Try it: Emit the data below verbatim, stripping out any pictures.

Provided material:
——

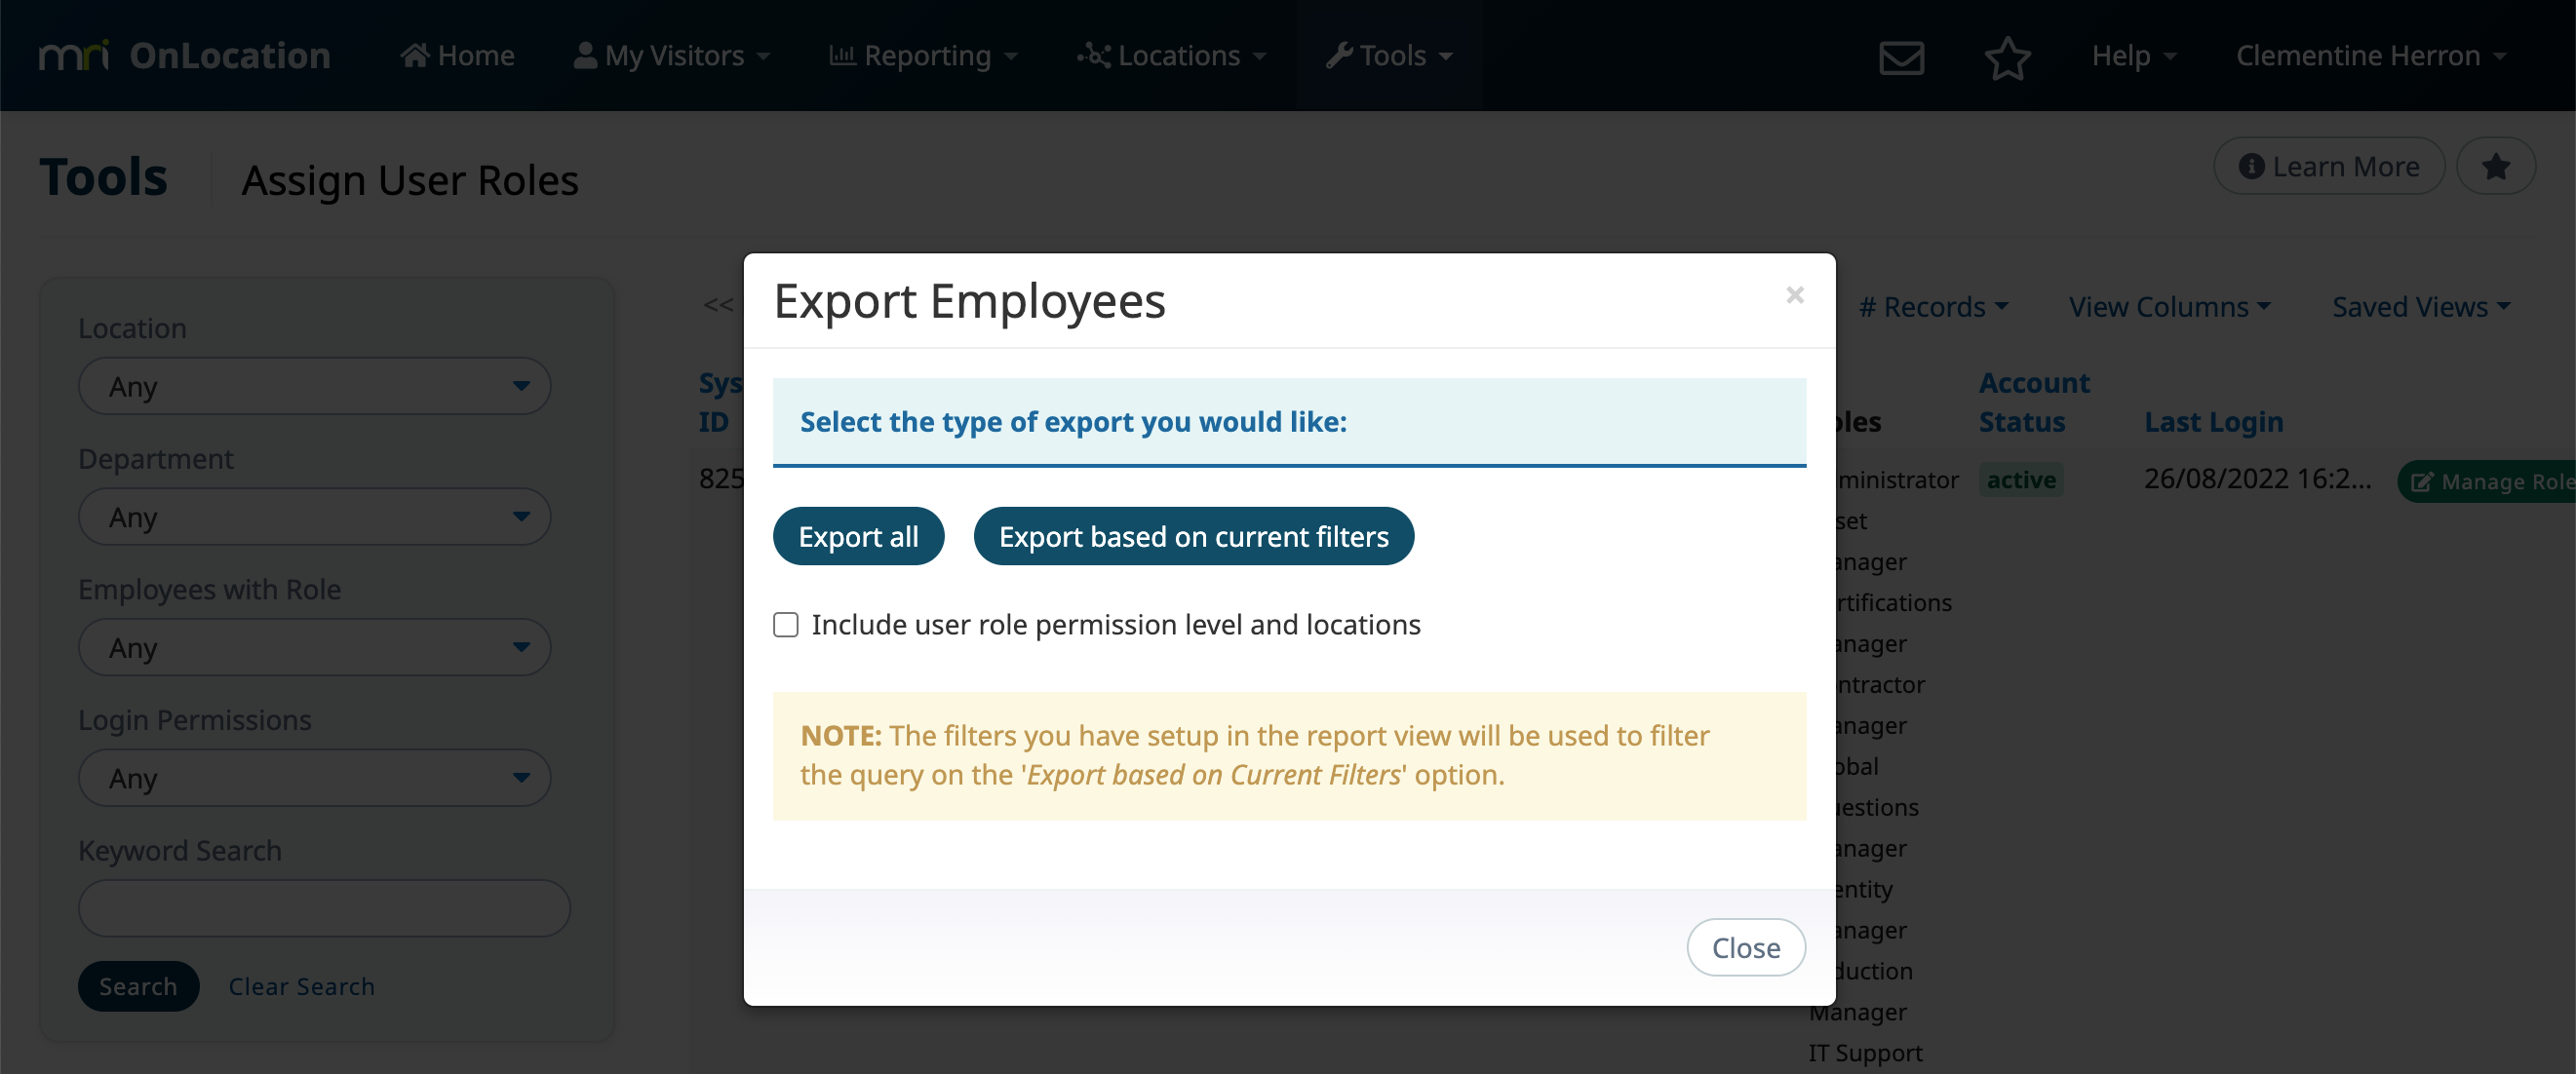 export-employees-pop-up.png
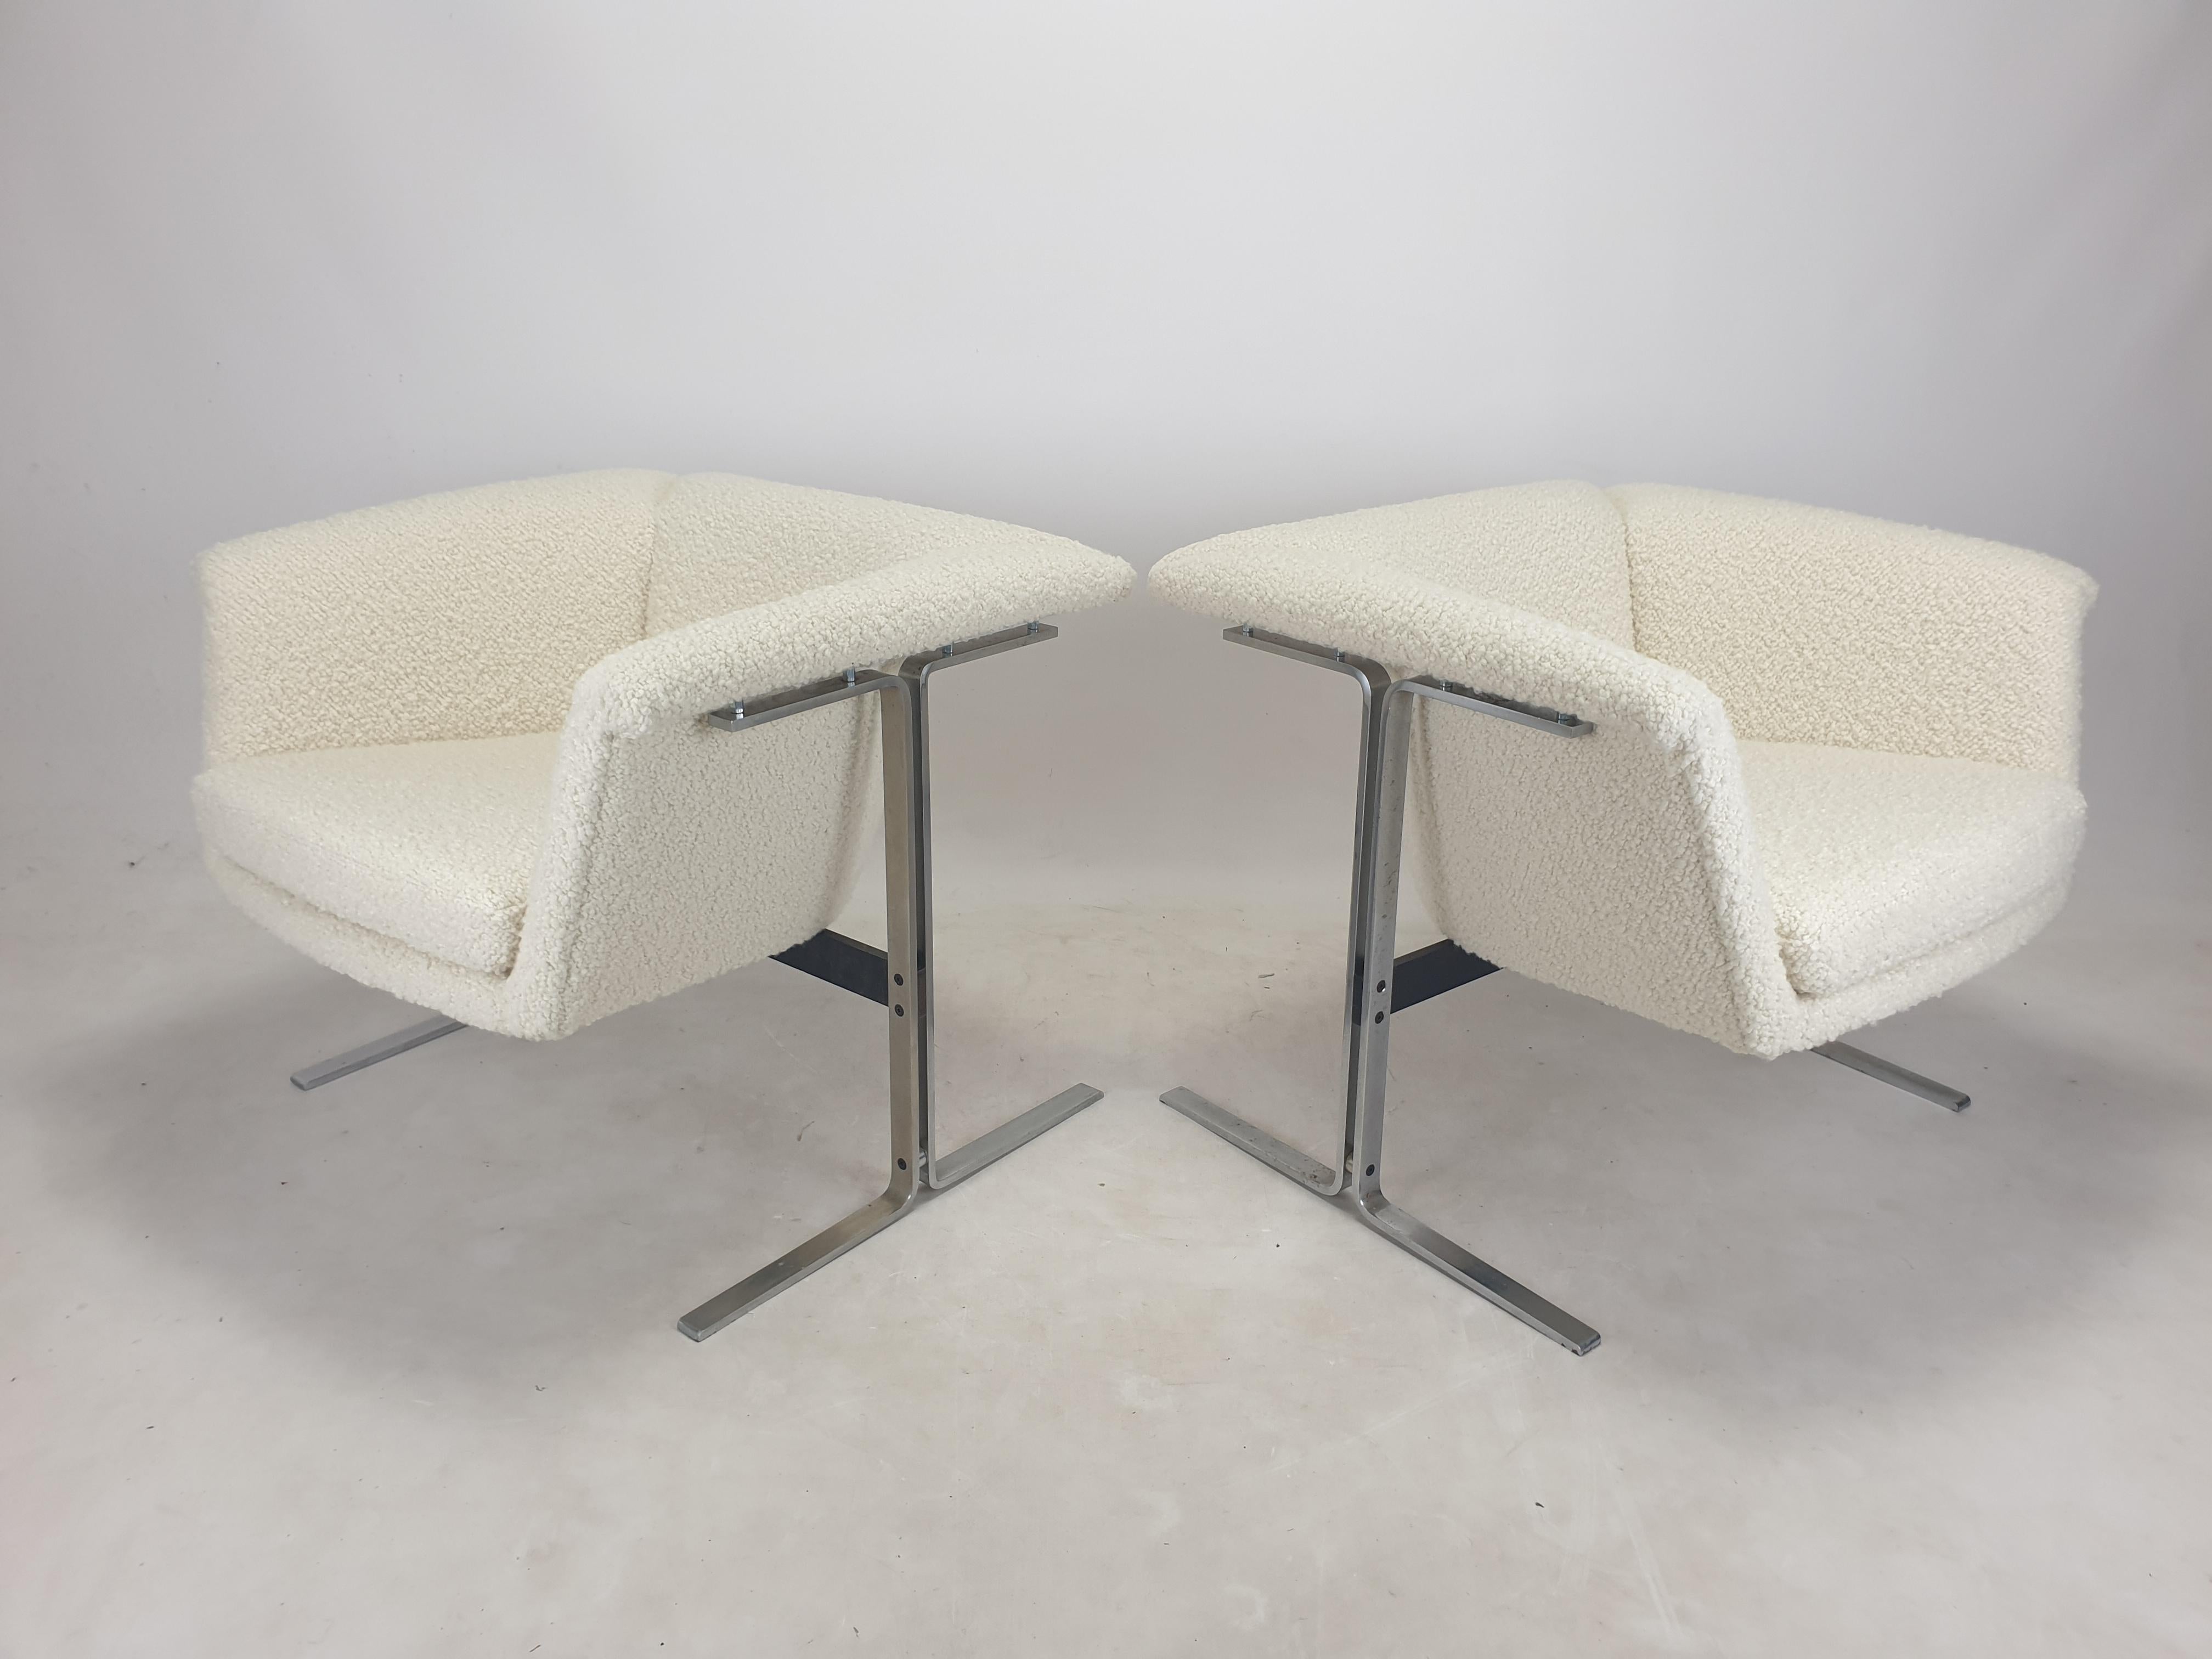 A very nice pair of model 042 chairs designed by Geoffrey Harcourt in 1963 for Artifort.

Harcourt's iconic 042 chairs were featured in Stanley Kubrik's seminal film

——

Solution for this problem:
 export-employees-pop-up.png
 A very nice pair of model 042 chairs designed by Geoffrey Harcourt in 1963 for Artifort.

Harcourt's iconic 042 chairs were featured in Stanley Kubrik's seminal film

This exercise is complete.